America didn't start the oppression of the middle eastern cultures that continues today. We inherited that dishonor from the British and French, who began it during their days of world colonization, but we have done an exceptional job of carrying on their selfish tradition. If you aren't aware of the history of this matter, you owe it to yourself and your conscience to spend a bit of time studying the treatment of the middle eastern region by western powers in the last few hundred years, and to pay special attention to the more recent role that the US government has played in installing and supporting cruel, repressive regimes in this area, such as the Shah of Iran, the Saudi royal family, and Saddam Hussein.
And while you're at it, look over the history of Israel and the Palestinians, because that subject is another major factor in the way that the Moslem world views the US. Europe's treatment of the Jews throughout history inspires a lot of sympathy from me for that people and an understanding of why they need a homeland of their own. But taking the homeland of the Palestinian people to provide that home, their subsequent mistreatment by the Israeli government and the support of the US government for that mistreatment, and... for that matter... their similar misuse by other Moslem nations as political pawns are no less of atrocities.

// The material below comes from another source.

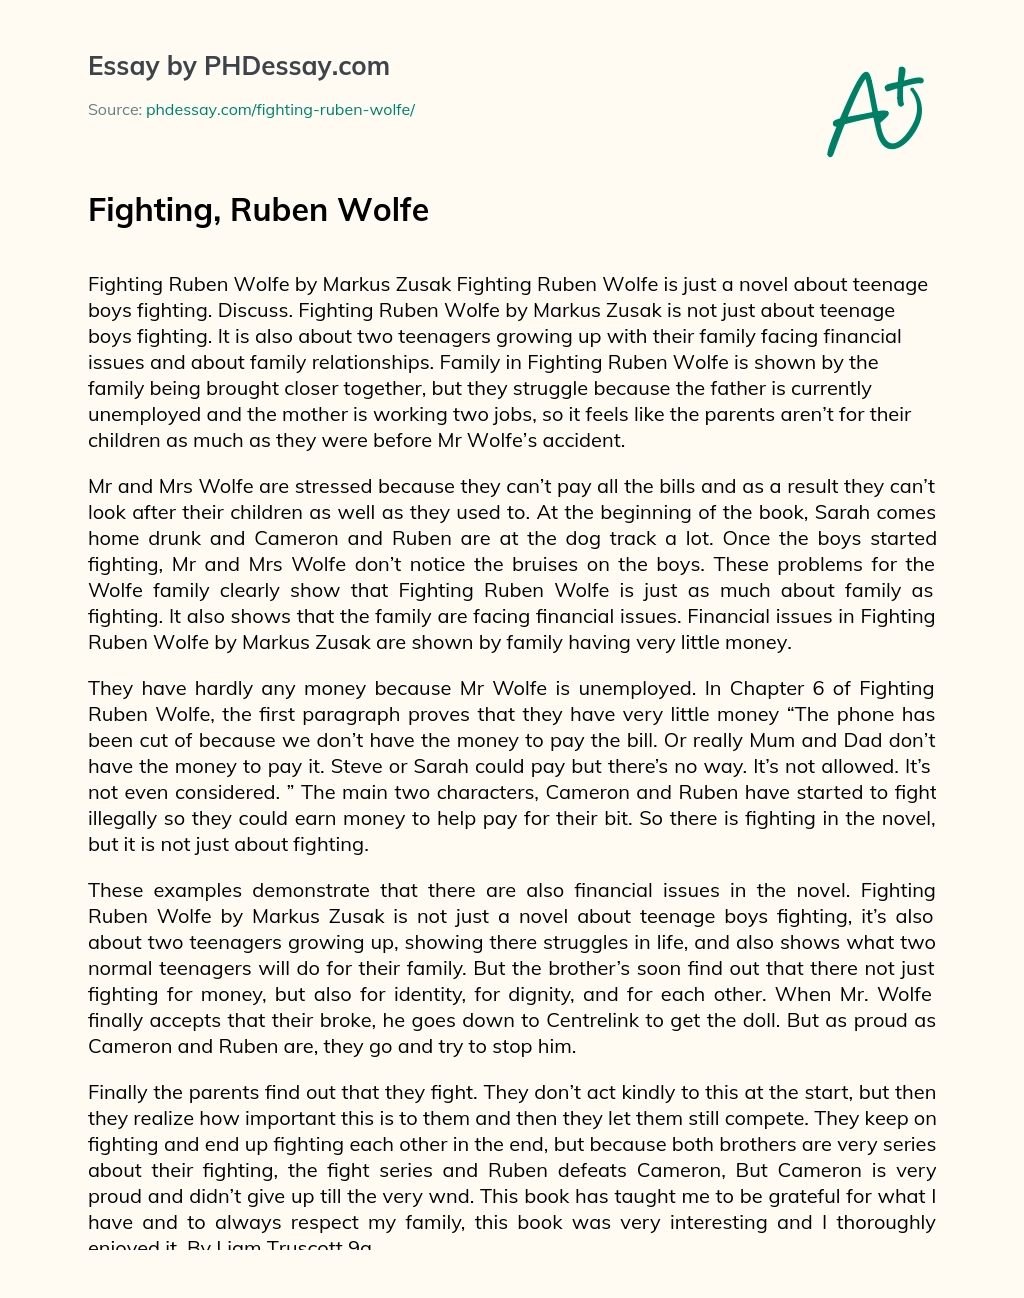 Fighting, Ruben Wolfe essay

Most Americans lump all Moslems together as if they are all one people and one culture. It should not be a surprise that in turn the members of those cultures lump all of the western powers who have a multi-century history of mistreating them together. Claiming that "they hate us because they hate our freedom" is more comfortable than realizing that the majority of them who do hate us do so because in their eyes 'our' hands have long been part of denying them their own freedom, but that's the historical fact of the matter.
No one forces anyone to be a terrorist, no matter how a reader here may think that i'm somehow trying to say otherwise by the 1-2-3 sequence i outlined above. I feel that those who commit acts of terror against innocent victims should be ... as i regularly put it... shot in the head. I have a similar punishment in mind for those who incite others to acts of terror against innocents. But i also know that only a psycopath decides to go around senselessly murdering innocent people without any cause, and that most of the terrorists in the world today are not psycopaths in the clinical sense of that term. They feel that they have a cause and that the cause is just.
When terrorism exists, root it out and eliminate it... but do so in a way that does not take innocent life in the process. IMO, Israel has been very careless in that regard for most of its history, as has the US these last few years in Iraq. Unless we try to understand the sense of oppression that starts the whole process and address its causes, killing today's terrorists ... especially in a haphazard manner that doesn't concern itself with collateral damage... will mostly serve as proof that their cause is just to the next set of terrorists that spring up in their place.